Energy Articles and Issues that Affect our Energy Future
Submitted by Bill on December 18, 2007 - 5:50pm
Since I read science journals and study the questions of energy, oil, fossil carbon, and alternative energies on a daily basis, I'm always running across new articles and ideas that strike me as at least interesting, and sometimes very, very important.
So I'm starting a thread to discuss energy issues and articles that aren't specifically about oil, but which directly affect the future of our energy supply.
The first article to follow...

"Coal Ash is More Radioactive Than Nuclear Waste" Sci-Am
I have a friend, who, naturally, works in the nuclear industry, who has been telling me this for years - the waste from coal burning electrical generators is more radioactive and more dangerous than the waste from nuclear generators.
This Scientific American article from today restates this claim. Not only is coal mining dangerous for the environment, and coal pollutants dangerous for the environment (causing both many human deaths from lung disease, and significant damage to property and agriculture and the environment from acidic rain), but coal plants irradiate the people living near them at higher levels than nuclear plants.
The title of the article seems disingenuous - the article really doesn't address the nuclear waste that worries people - the high level waste that we still havn't figured out how to dispose of safely, so it just sits in tanks and casks in buildings around the nuclear plants.
And Scientific American has been accused many times of basically being the voice of industry, which is probably true enough. This article seems like an apology for the nuclear industry, and the research that this article is based on is old, from 1978 in fact.

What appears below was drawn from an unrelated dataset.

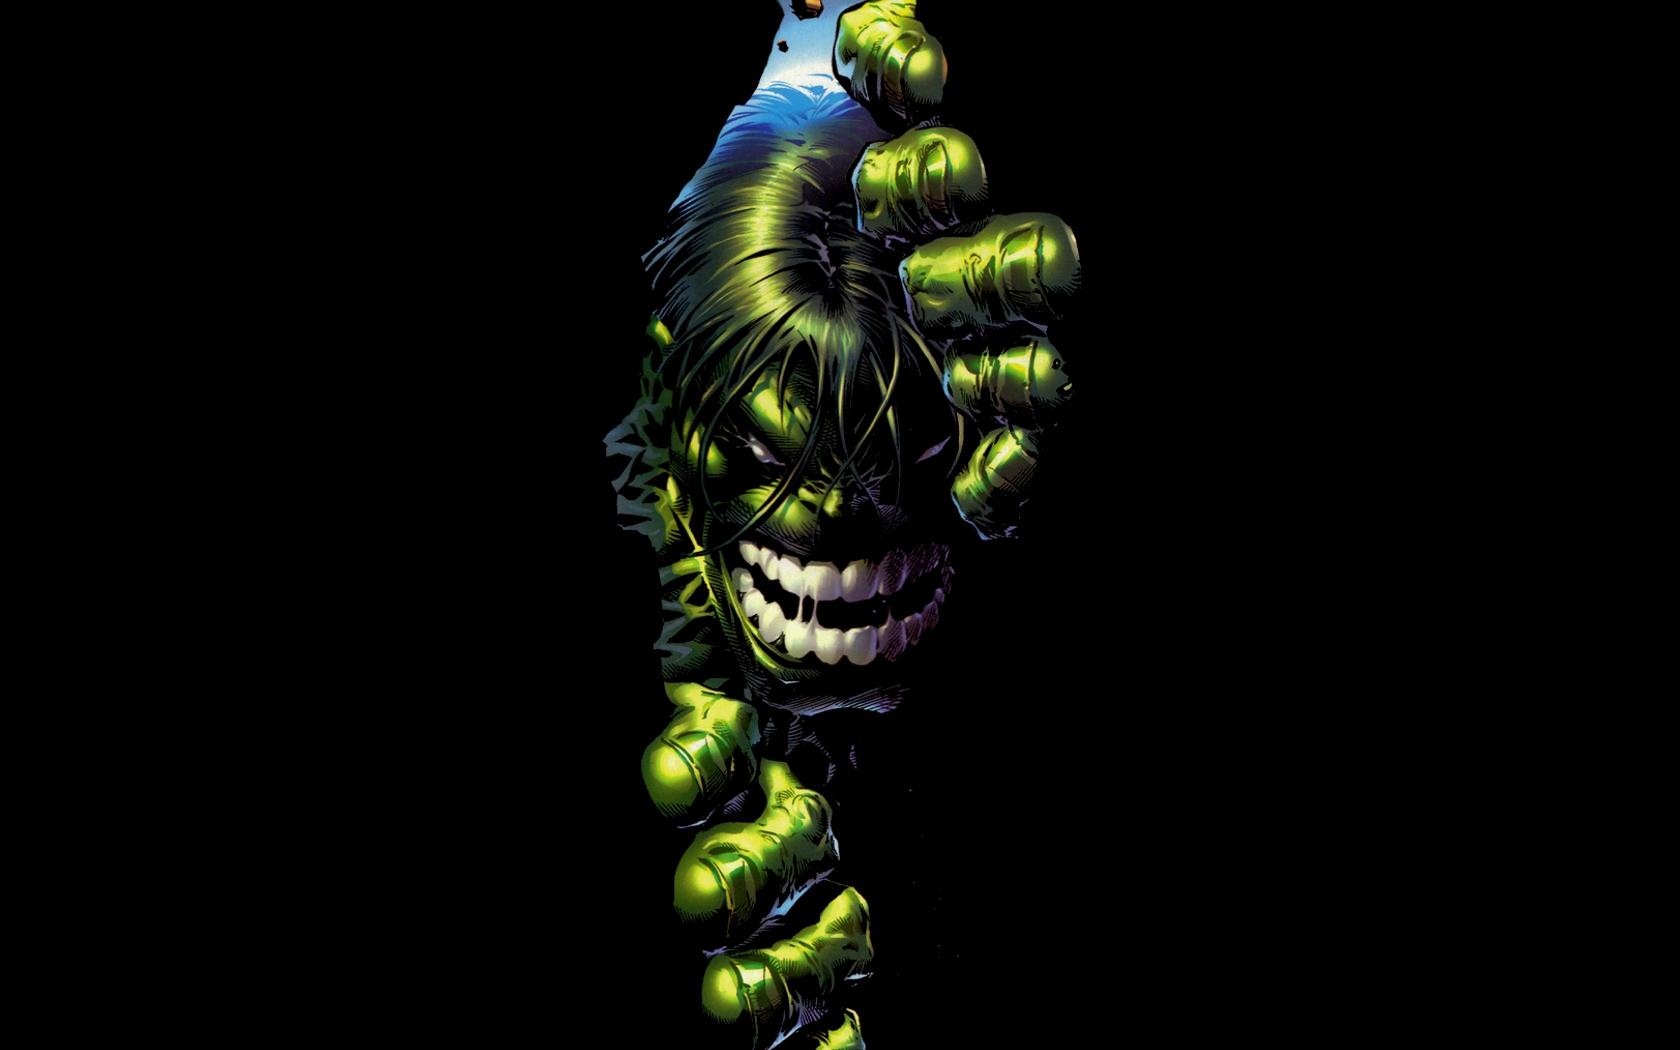 Hulk comics Marvel Comics wallpaper 1680x1050 58608 WallpaperUP 1680x1050
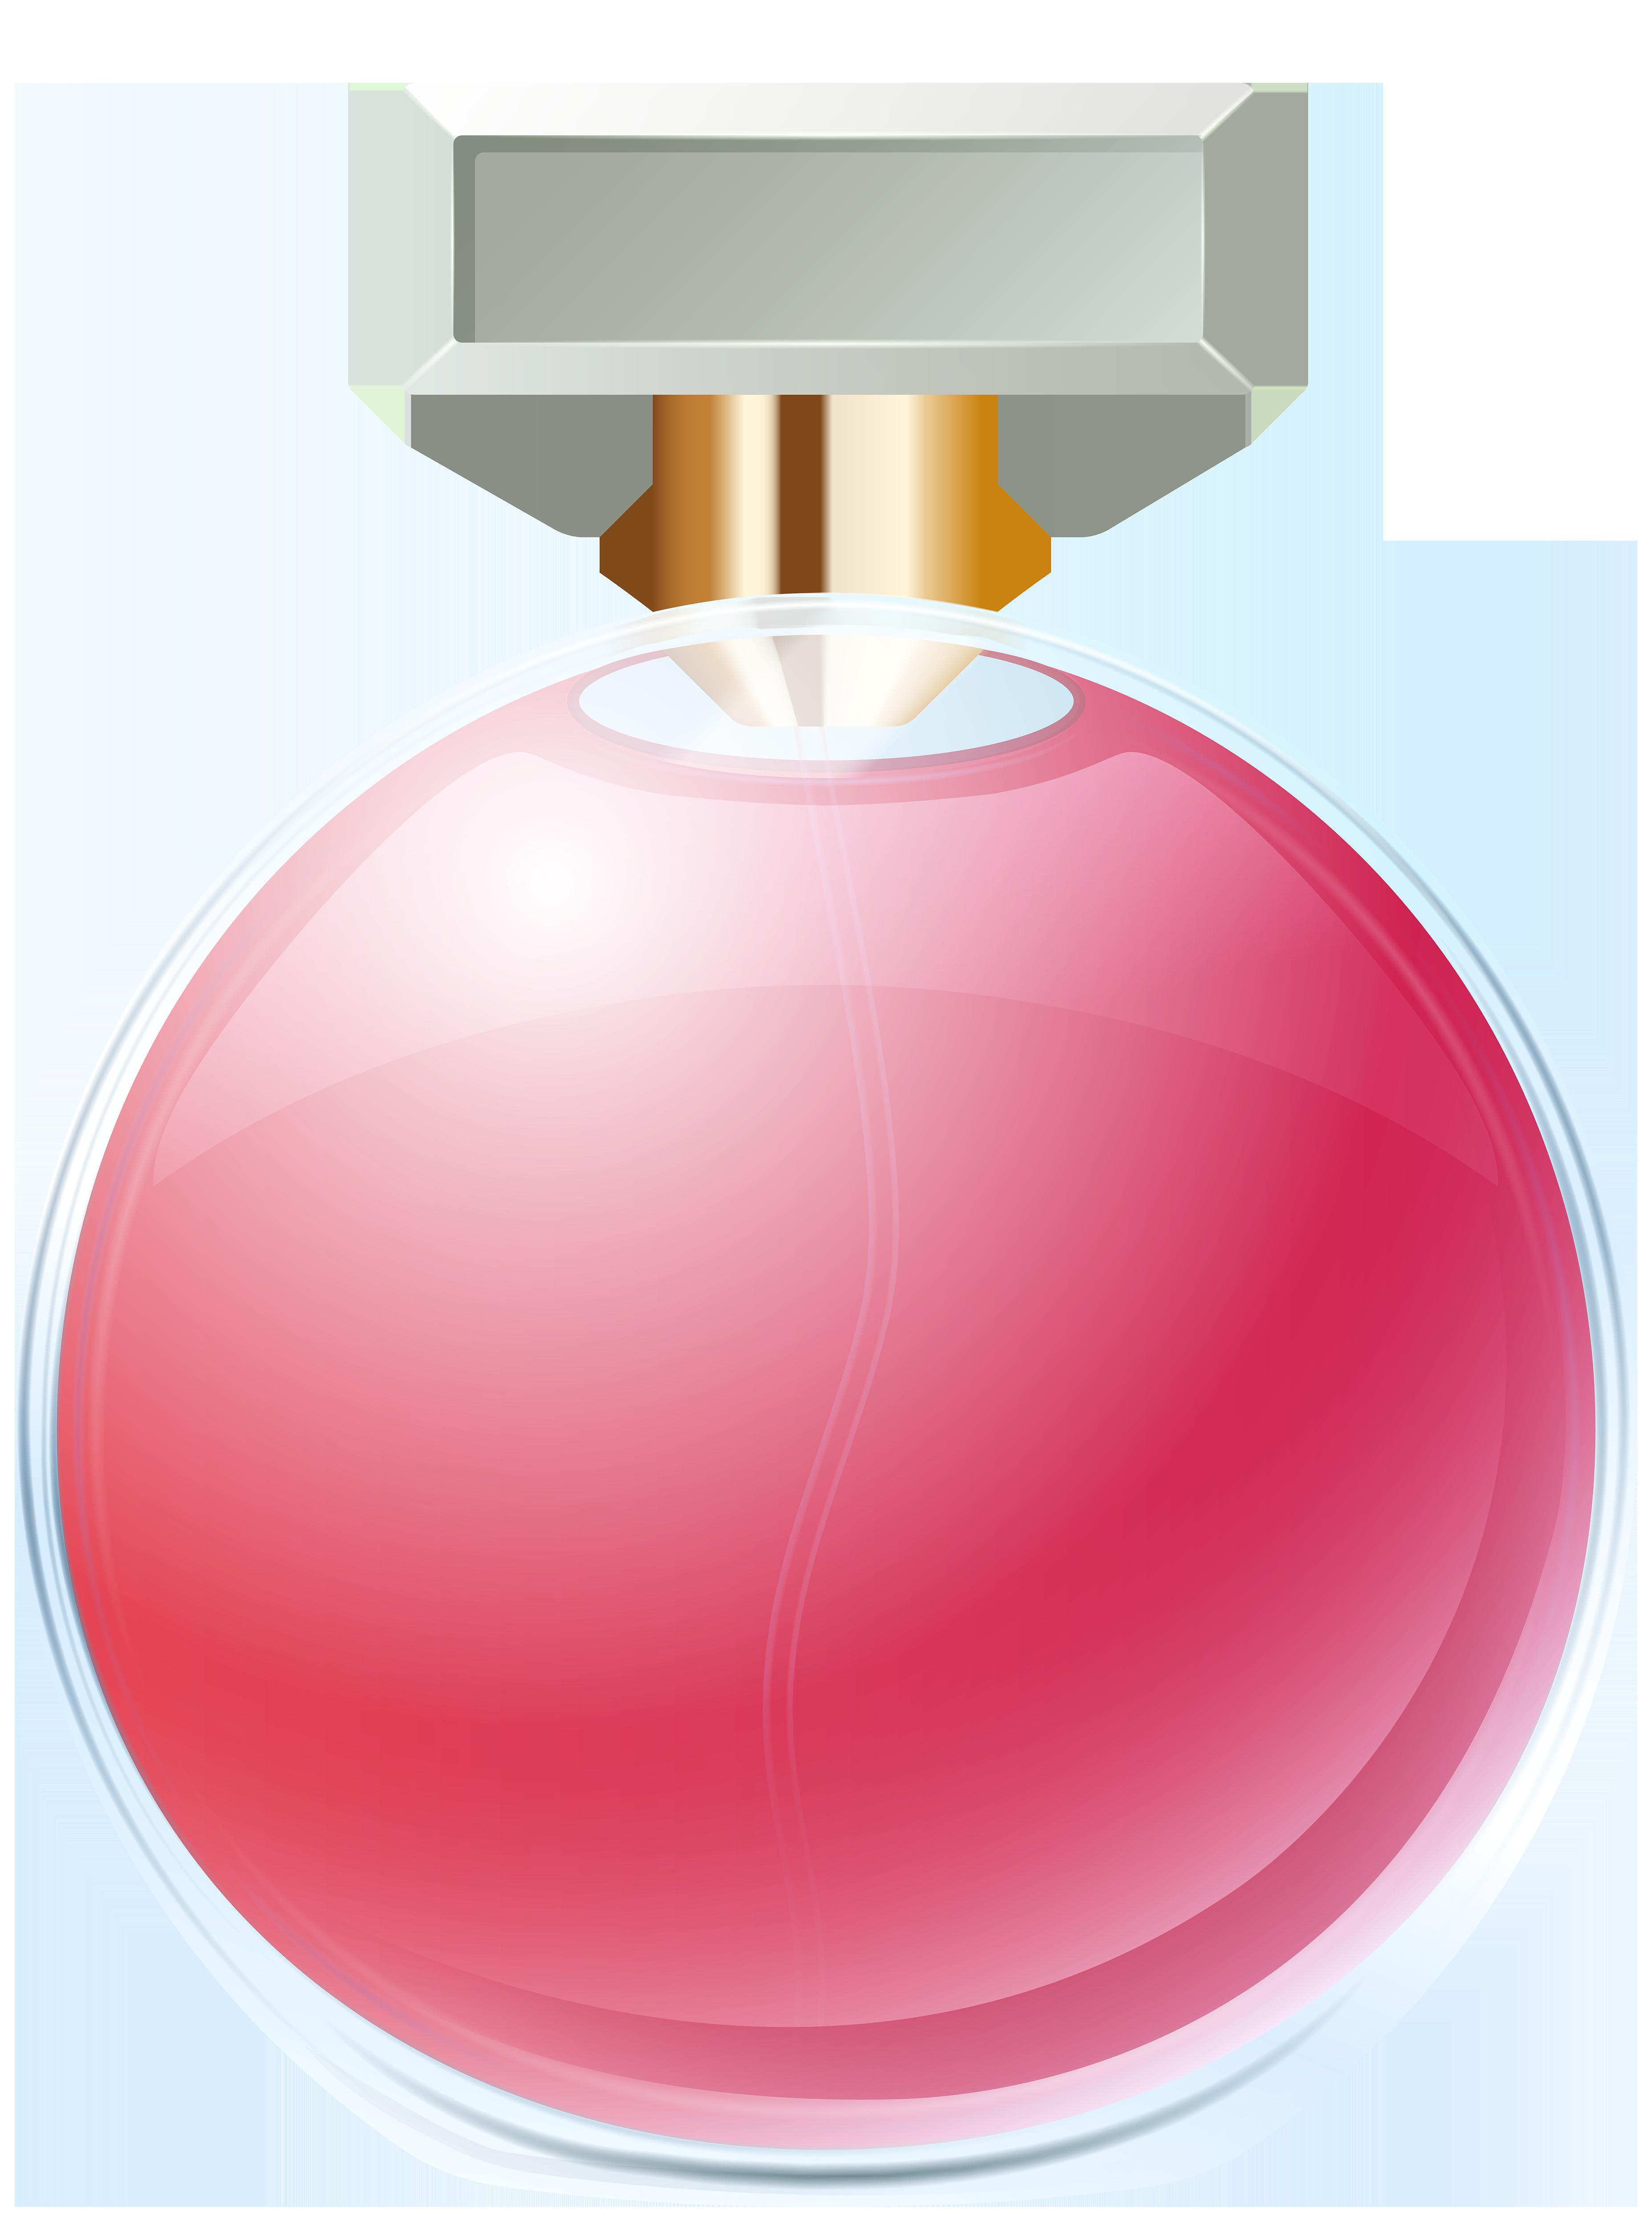 Perfume Bottle Transparent PNG Clip Art Image.

But, apology for nukes or not (and I would say that it is), it does underscore a fact we have to face - all sources of energy are going to have costs. if we go with wind, birds die. Solar manufacturing produces pollutants. Fossil carbons contain pollutants, and produce greenhouse gas when burned.
Our society has a lot of thinking and research to do, to prepare for our energy future.
The CEO of Shell OIl discusses Climate Change & End of Cheap Oil
In what has to be considered a remarkably far-sighted move, the CEO of Shell oil has written a letter to all Shell employees, which he says is meant for open external distribution to the public, in which he discusses Carbon and the future of the oil industry.
It's a brilliant letter.
Monbiot on the Citibank Peak Oil Report - "Is There A Plan?"
A short time ago Citibank released a private report on the oil supply, one that few people have seen and the media hasn't yet reported. But some people HAVE read it, and what it seems to be saying is that peak oil is happening, it's happening now, and investors had better prepare for it.
It's not easy to see the actual report - but it has finally been posted to the net, and here's a link to the pdf - http://peakoil.solarhorizons.com/reports/Citi-Oil-Report.pdf
The report is in finance-speak, so it's not intended to be easy to understand for the layman. British commentator George Monbiot has offered a summary, parts of which are included in the Alternet Artcle below.
http://www.alternet.org/environment/76782/
Monbiot tells us that the only plans that the Governments of the world seem to have to deal with peak oil, and a declining oil supply, is to switch to biofuels. But, he says, the recent reports on the economics and the greenhouse gas impacts of biofuels (summary - the economics are not good, and biofuels create more greenhouse gasses in their production than petroleum does) shows us that the government's proposed solution of biofuels probably won't work, and at the very least, it will raise up a whole host of new problems.
Not the least of which would be worldwide food shortages and dramatic food price increases. The prices of grains worldwide right now are at all time highs, and the reserve of stored grains are at all time lows - never in the past 60 years has our food supply been in the fragile state it's in right now. Some of the grain shortages are due to global warming and, but some can be directly attributed to the ethanol industry, which is still in the baby stage. How high will food prices go if we HAVE to replace declining oil supplies with food-based fuel?
Here's more from Monbiot on the biofuels problem:
So, what's the summary? It's pretty simple. There are no easy solutions - so we better start looking at some of the hard solutions. We will have to switch to an electricity economy, rather than a chemical liquid fuel based economy. We have to redesign cities, abandon the suburbs, and start inventing a new lifestyle to replace the wasteful oil lifestyle.
This will take a crash program of experimentation and invention. And the sooner we face what is happening, and get started inventing a new way of life, the better off we are going to be. And the more secure Pennsylvania and this nation will be.